You see, when Satan says to Jesus in today’s Gospel Reading, “I will give you all [the] authority and splendor . . . of the kingdoms of the world . . . if you worship me . . .  for it has been given to me, and I can give it to anyone I want to,” that is a lie.  Satan doesn’t have such power.  His promises are hollow, he can never deliver on what he’s enticing you with. Like Judas and the 30 pieces of silver, it’s always a lie whenever Satan tempts you, “Just do this, and see what you’ll get.”

“What Will You Give Me If I Betray Him?”  Like Satan’s temptation of Jesus himself, the Devil holds out for you such wonderful promised rewards and pleasures, if only you will do his wicked will.  But, when you do yield to Satan’s temptations, you always end up like Judas, losing everything, and gaining nothing.  “What Will You Give Me If I Betray Him?”  Whatever it is that Satan is dangling before you, it’s never worth it to betray your Lord and his holy will.
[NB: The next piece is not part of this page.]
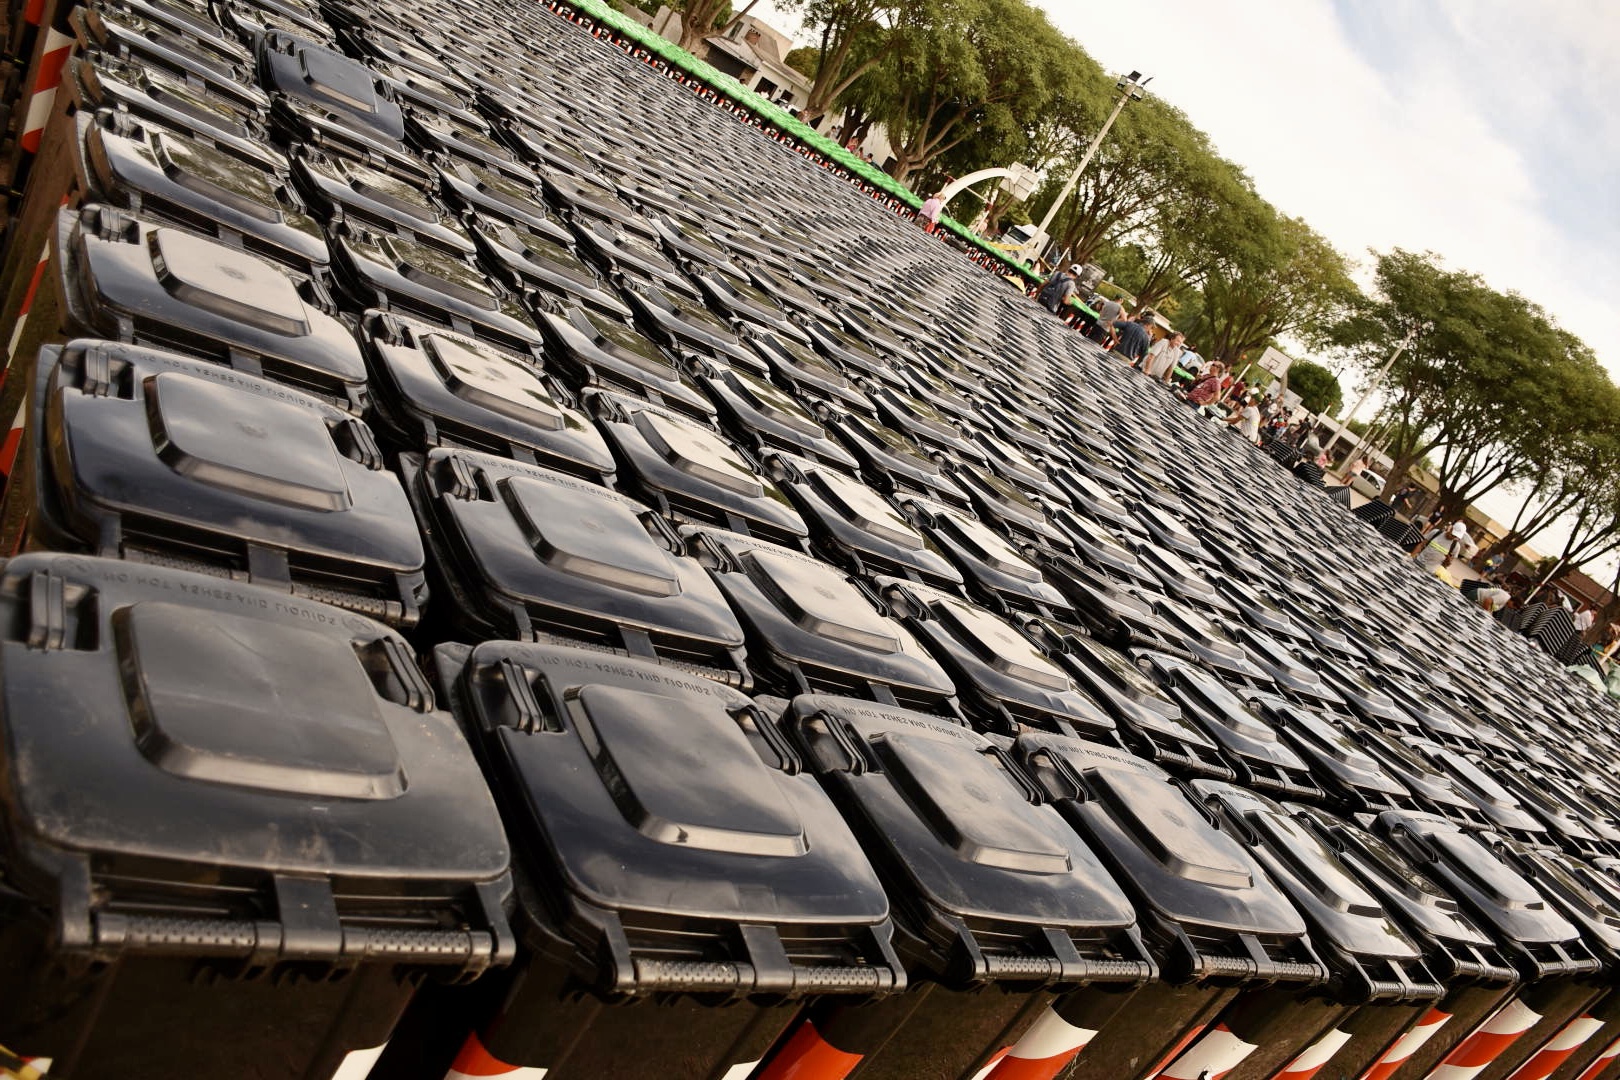 Más de 2000 familias recibieron contenedores para reciclar en Suárez

Jesus says, “I tell you the truth, everyone who sins is a slave to sin. . .  but if the Son sets you free, you will be free indeed.”  In today’s Old Testament Reading, Moses tells God’s people of old to celebrate the Lord setting them free from slavery by his mighty power.  That’s what we are doing here today, celebrating the Lord by his mighty power setting you free from slavery to sin. 

Under the old covenant the price for a dead slave was 30 pieces of silver.  But, the price Jesus paid for your life, to buy your freedom from death and slavery to sin, was his own life and death upon the cross: “This is my body which is given for you . . . this cup is the new covenant in my blood, which is shed for you. . . for the forgiveness of sins.”

“For the Son of Man came not to be served,” Jesus says, “but to serve, and to give his life a ransom for many.”  Your sins are all forgiven because Jesus gave his life as a ransom for you.  Paul says in Galatians, “Stand fast, then, and do not submit again to the yoke of slavery.”

“What Will You Give Me If I Betray Him?”  When Satan dangles temptations before you, like he did both Judas and Jesus, no matter what Satan seems to be offering you to betray your Lord, don’t give in like Judas, to your damnation, but like Jesus stand fast and fight back with the word of God and prayer.